- _WHAT THE TASK REQUIRES_
From the line containing "Pure2Improve - 8" down to the last line of the material, output each line exactly as it appears, excluding pictures.

- _SUPPLIED DATA_
----------------------------------------
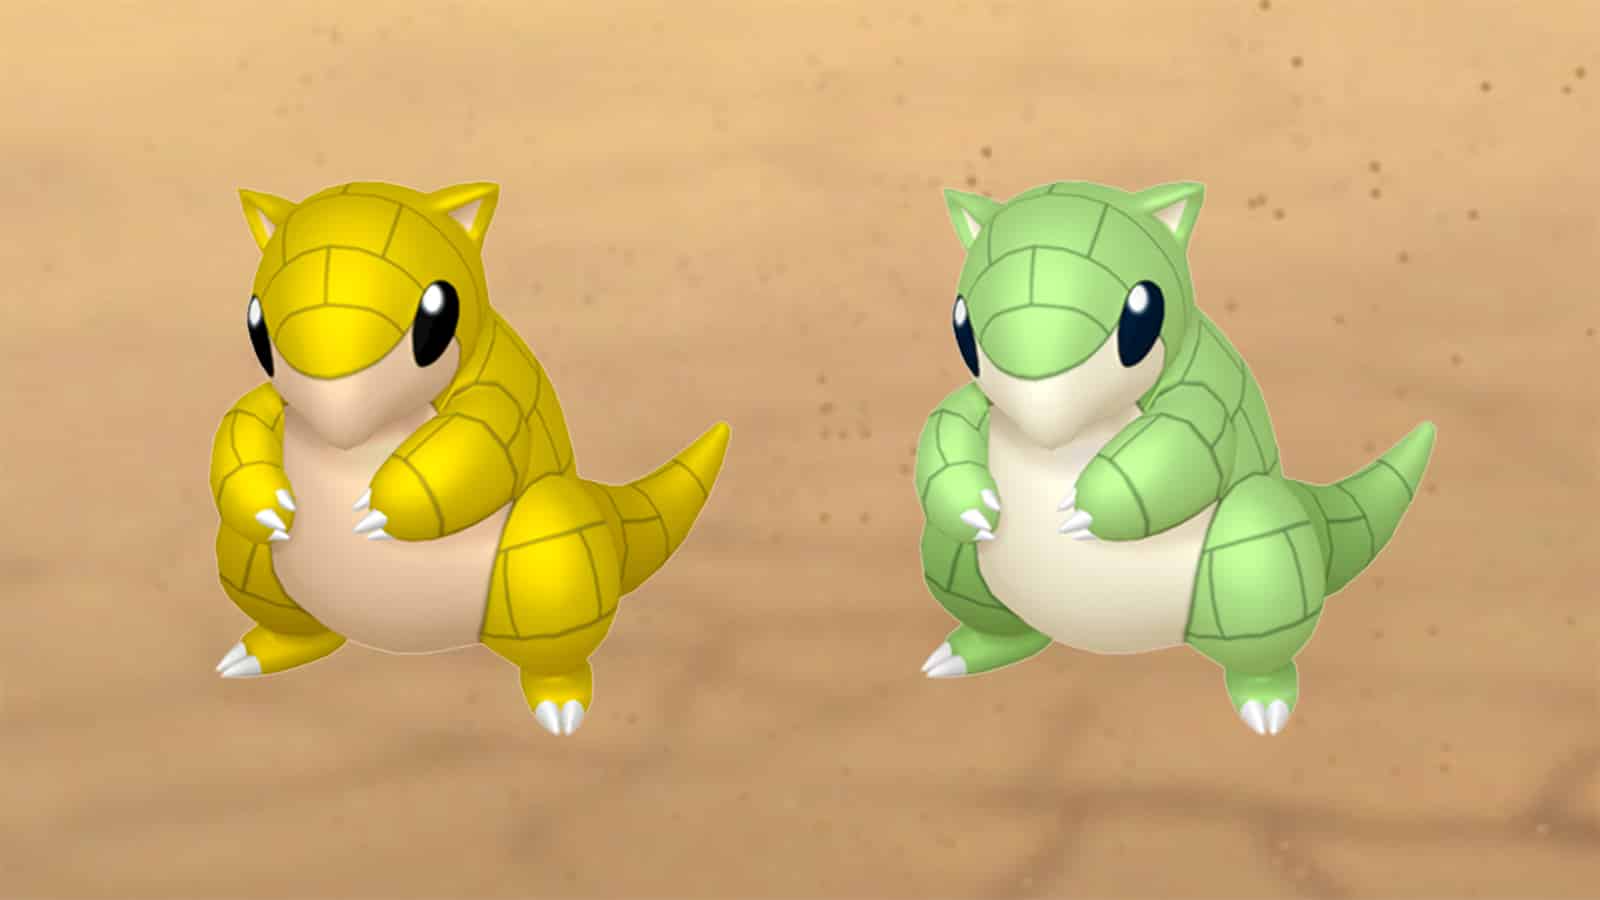 Shiny Sandshrew appearing in Pokemon Go
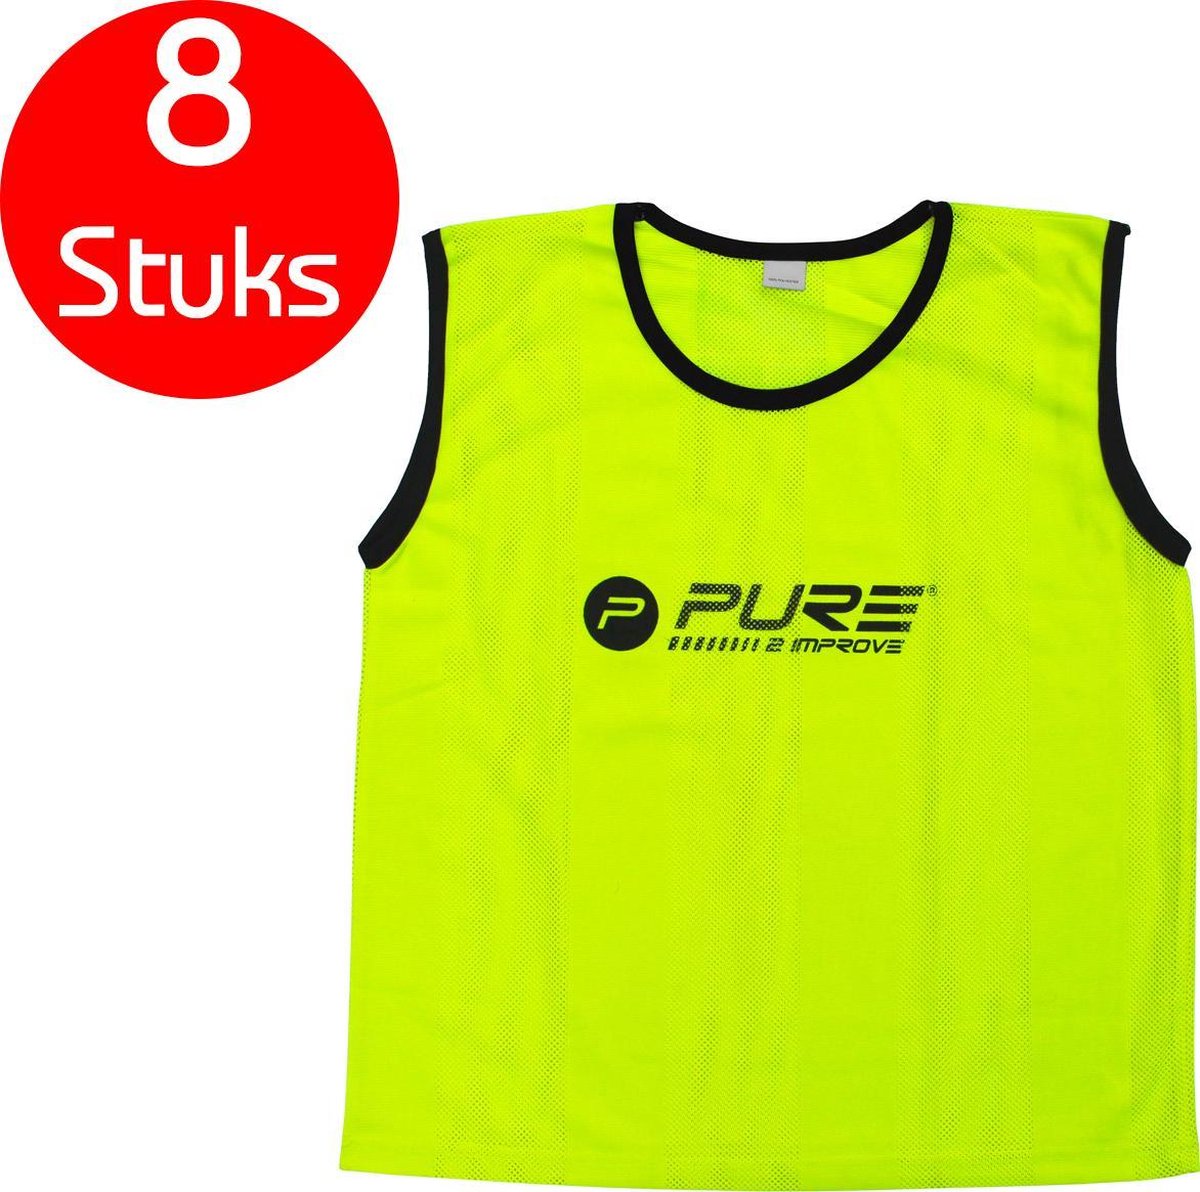 Pure2Improve - 8 stuks - voetbal hesjes - geel - maat mini's - trainings hesjes - voetbal hesje - trainingshesjes
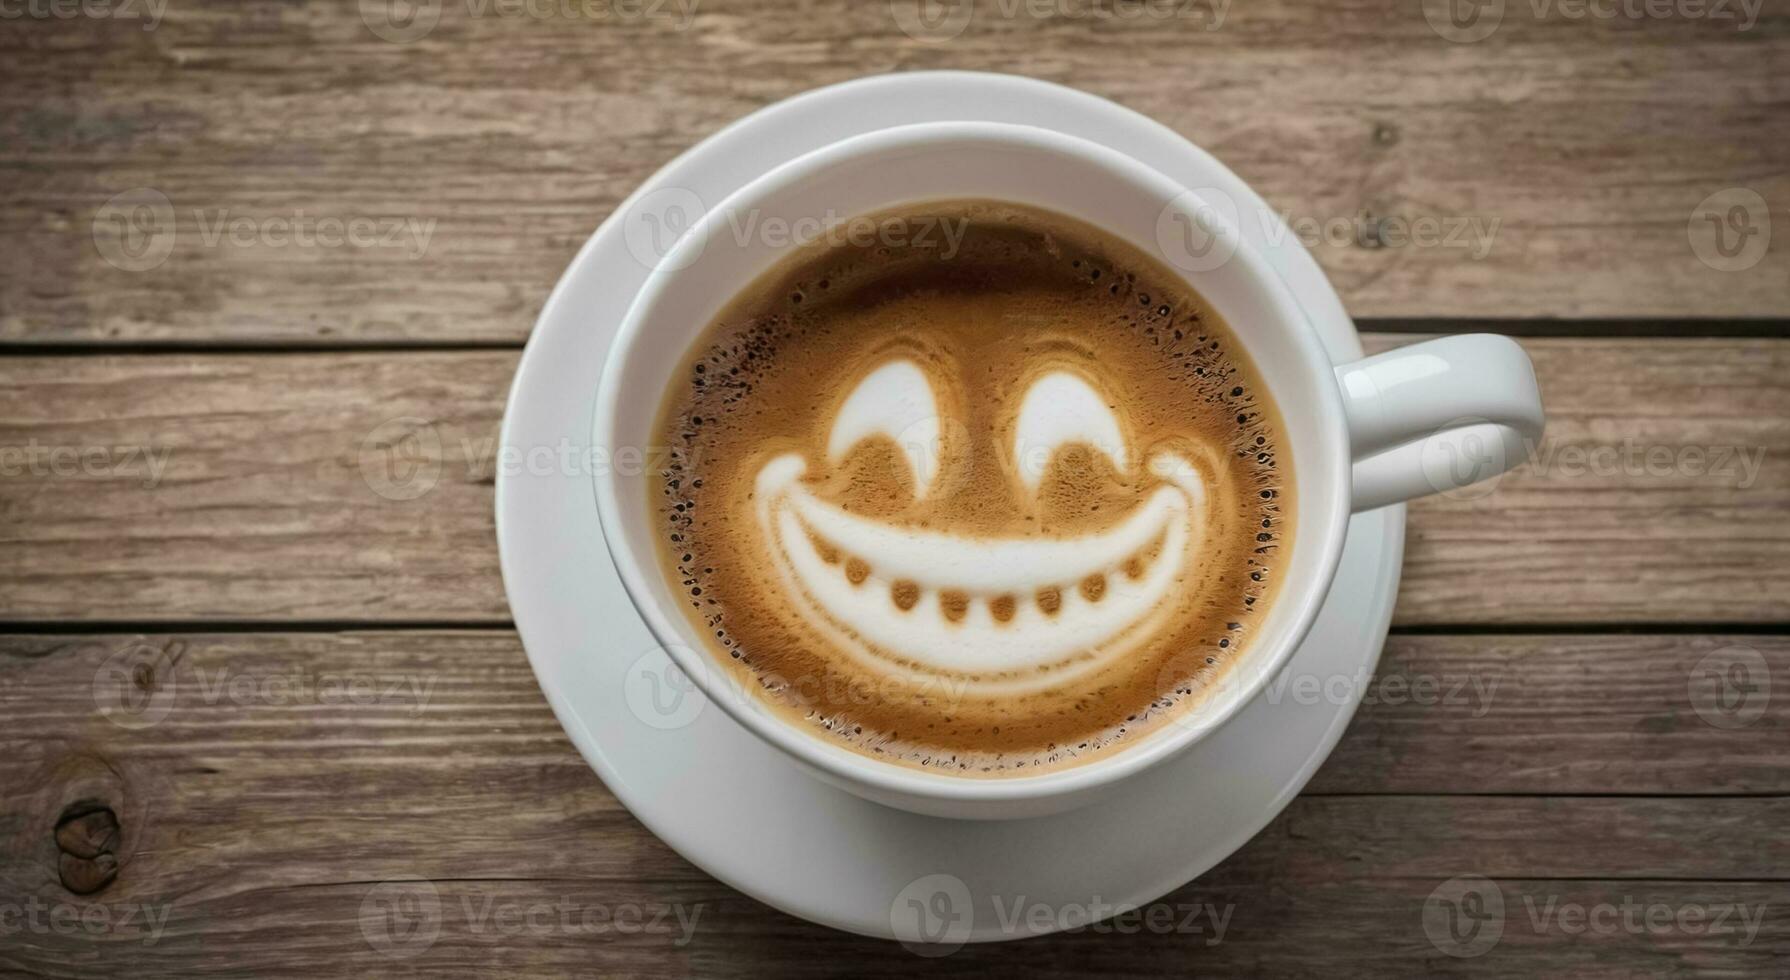 kopp av kaffe med en skum i de form av en leende ansikte, Bra morgon- symbol. foto
----------------------------------------
- _ANSWER TO THIS PROBLEM_
 Pure2Improve - 8 stuks - voetbal hesjes - geel - maat mini's - trainings hesjes - voetbal hesje - trainingshesjes
 kopp av kaffe med en skum i de form av en leende ansikte, Bra morgon- symbol. foto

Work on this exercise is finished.